Крючкотворы проклятые!
Три дня назад Боярская дума отдельным техническим заседанием, куцым и незаметным, утвердила час и дату голосования, выбрав завтрашний вечер. Ключевое в этом факте: «Отдельным». Ради одной строки в протоколе, которую всякий разумный человек решил бы между делом, не собирая ради неё Думу. Тогда я скользнул мимо этого взглядом, и зря.
Новгородский созыв лёг день в день в голосованием, и противник подстроил под него своё «экстренное» разбирательство. Чьих рук дело, я не знал, а вот замысел читался и без подписи.
Меня брали в клещи. Отсидеться в Белгороде и защищать себя по магофону не вышло бы, а раз так, быть я мог только в одном месте из двух. Останусь в Белгороде, и совет за сотни километров заочно рассудит, послушен ли Великий князь Платонов и не пора ли надеть на него узду Арбитров. Поеду в Новгород, и к моменту развязки меня не окажется там, где решается судьба княгини, за которую я чувствую себя ответственным.

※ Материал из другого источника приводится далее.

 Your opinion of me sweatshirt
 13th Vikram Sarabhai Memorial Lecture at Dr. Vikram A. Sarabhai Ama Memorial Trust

Кворум напрягал меня сильнее возможных инцидентов с голосованием. Так или иначе в городе останется гвардия, а мои люди умеют драться и в меньшинстве. Вынесенной против меня главами Бастионов решение — это вражда с почти всеми сильнейшими фракциями разом. Петля, которую после не разрубить ни сталью, ни золотом. Значит, надо ехать, и другого выхода нет.
При мысли об этой ситуации я не мог не отметить, что Голицын смолчал во время нашей последней встречи. Не предупредил о готовящейся подлости, хотя дважды за минувшие годы он помогал рассыпать кворумы, что складывали против меня, и мог бы рассыпать третий, самый опасный из всех. Случайностью это быть не могло, оставалось понять замысел союзника.
Скорее всего меня мариновали. Пусть над Платоновым повисит угроза Арбитров, пусть понервничает от близости петли, а потом сам примчится в Москву — просить, кланяться, влезать в долг. Как бы крепки ни были наши отношения, помощь Голицына всегда шла имела свою цену. Рычагов влияния у московского князя было припасено на десятерых таких, как я, и он умел ждать. Выдержку эту я даже уважал, чего уж там, но гнуться под него не собирался ни на палец.
Раз дорога лёгкая отпадала, оставалась дорога потруднее — драться за голоса самому. Подковёрную возню я ненавидел всем нутром, как пехотинец — топкую грязь под сапогом, в которой вязнет любой честный шаг. Воевать на этом поле боя я решил единственным способом, от которого меня не мутило: прямым вопросом в лоб.
Первым я позвонил в Детройт. Мари-Луиз выслушала, не перебивая, и голос её по линии звучал так же сухо, как за столом переговоров.